Let's calculate the R squared error and the Mean Squared error to select the best algorithm:

In [28]:

for name, model in fitted_models.items():
    pred = model.predict(X_test)
    print(name)
    print('-'*8)
    print(f'R^2: {r2_score(y_test, pred)}')
    print(f'MSE: {mean_squared_error(y_test, pred)}')
    print()

lasso
--------
R^2: 0.24763868296405078
MSE: 0.5974895730410107

ridge
--------
R^2: 0.2491886891065973
MSE: 0.596258631886341

enet
--------
R^2: 0.24863075786174593
MSE: 0.5967017143438307

rf
--------
R^2: 0.5137982992091297
MSE: 0.3861182653061224

gb
--------
R^2: 0.4522951893692222
MSE: 0.4349611098368771

Random Forest gives us the best R squared and the lowest MSE.

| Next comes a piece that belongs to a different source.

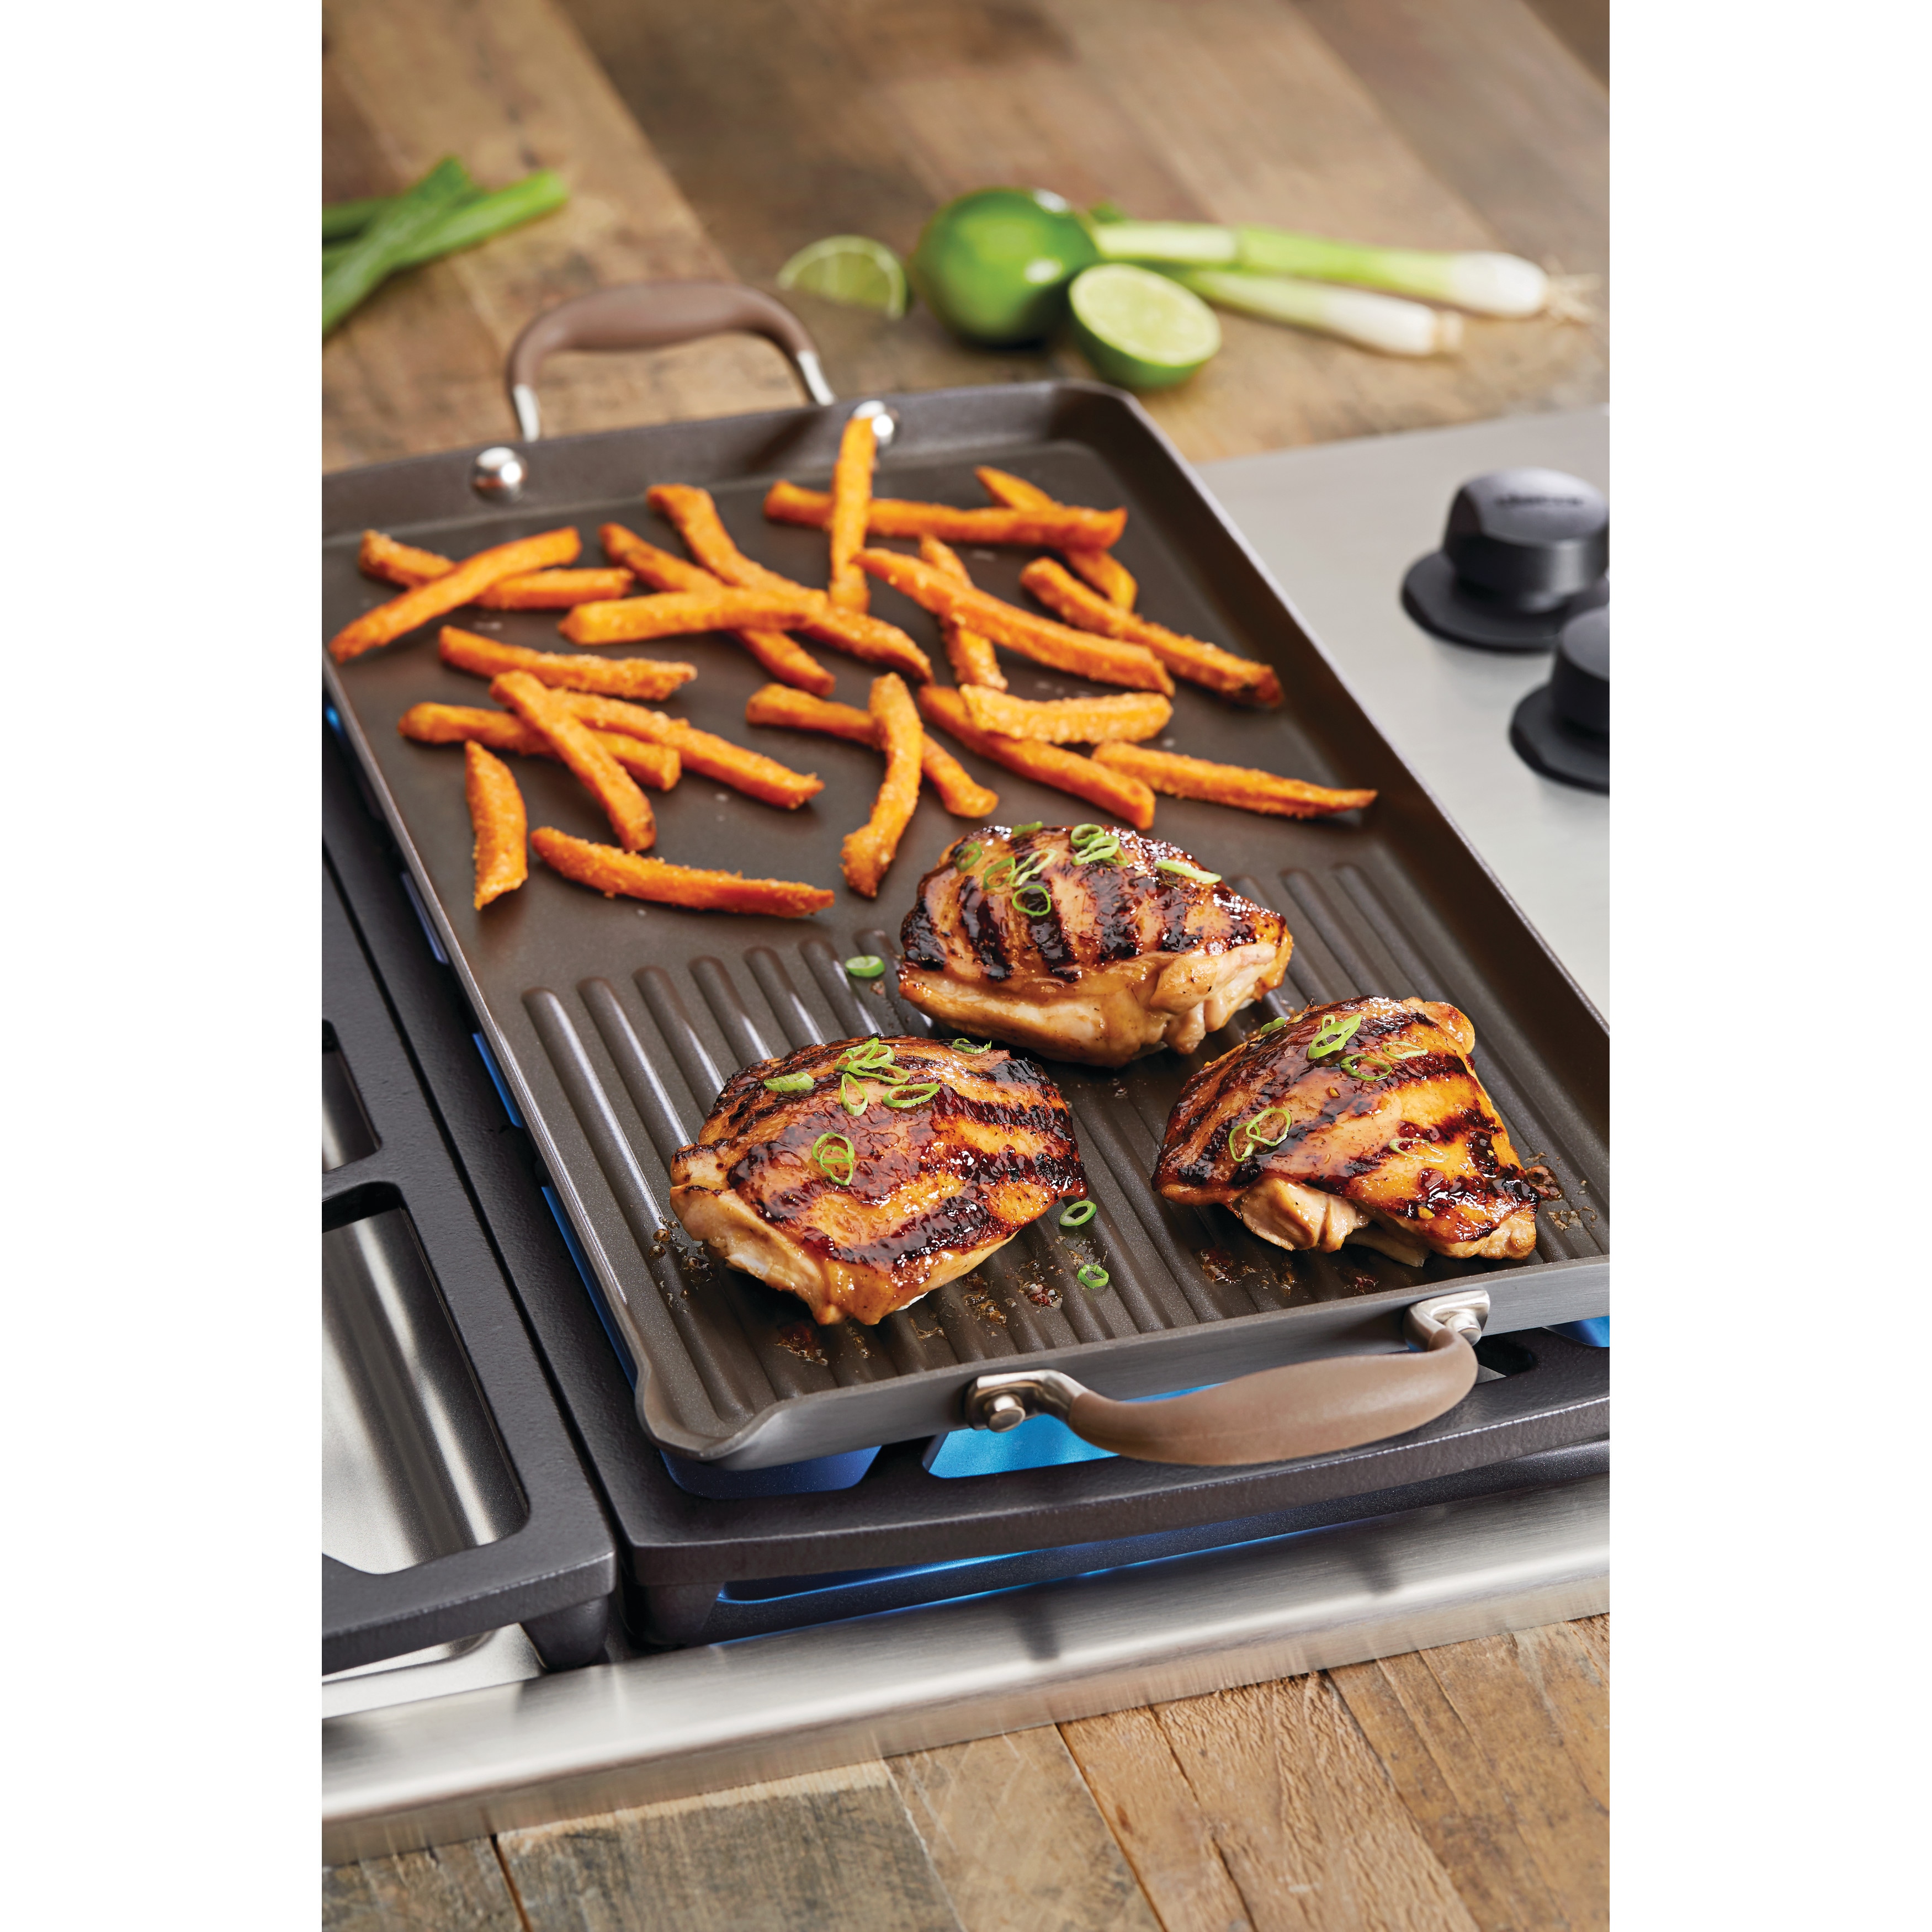 Top Product Reviews for Anolon Advanced Bronze Hard-Anodized Nonstick 10- Inch x 18-Inch Double Burner Griddle and Grill Pan with Pour Spout  13218506 Bed Bath  Beyond

We can visualize predicted versus actual values using our trained model.

In [29]:

rf_pred = fitted_models['rf'].predict(X_test)
plt.scatter(rf_pred, y_test)
plt.xlabel('predicted')
plt.ylabel('actual')
plt.show()

We can also get a look at the parameters that worked best for this algorithm:

In [30]:

fitted_models['rf'].best_estimator_

Out[30]:

Pipeline(steps=[('standardscaler', StandardScaler()),
                ('randomforestregressor',
                 RandomForestRegressor(max_features='sqrt', n_estimators=500,
                                       random_state=111))])

Save the final model¶

We can now create a pickle file of our best model

In [31]:

with open('final_model_white.pkl', 'wb') as f:
    pickle.dump(fitted_models['rf'].best_estimator_, f)

8. Insights & Analysis¶

Random forest beat out boosted trees and regularized regression approaches.

A mean squared error lower that 0.39 is enough to help winemakers to estimate ratings and supplement their regular testing protocols.

This model could be further improved in several ways:

Acquire domain expertise to get more context on the features.
Engineer better features through domain knowledge or even trial and error.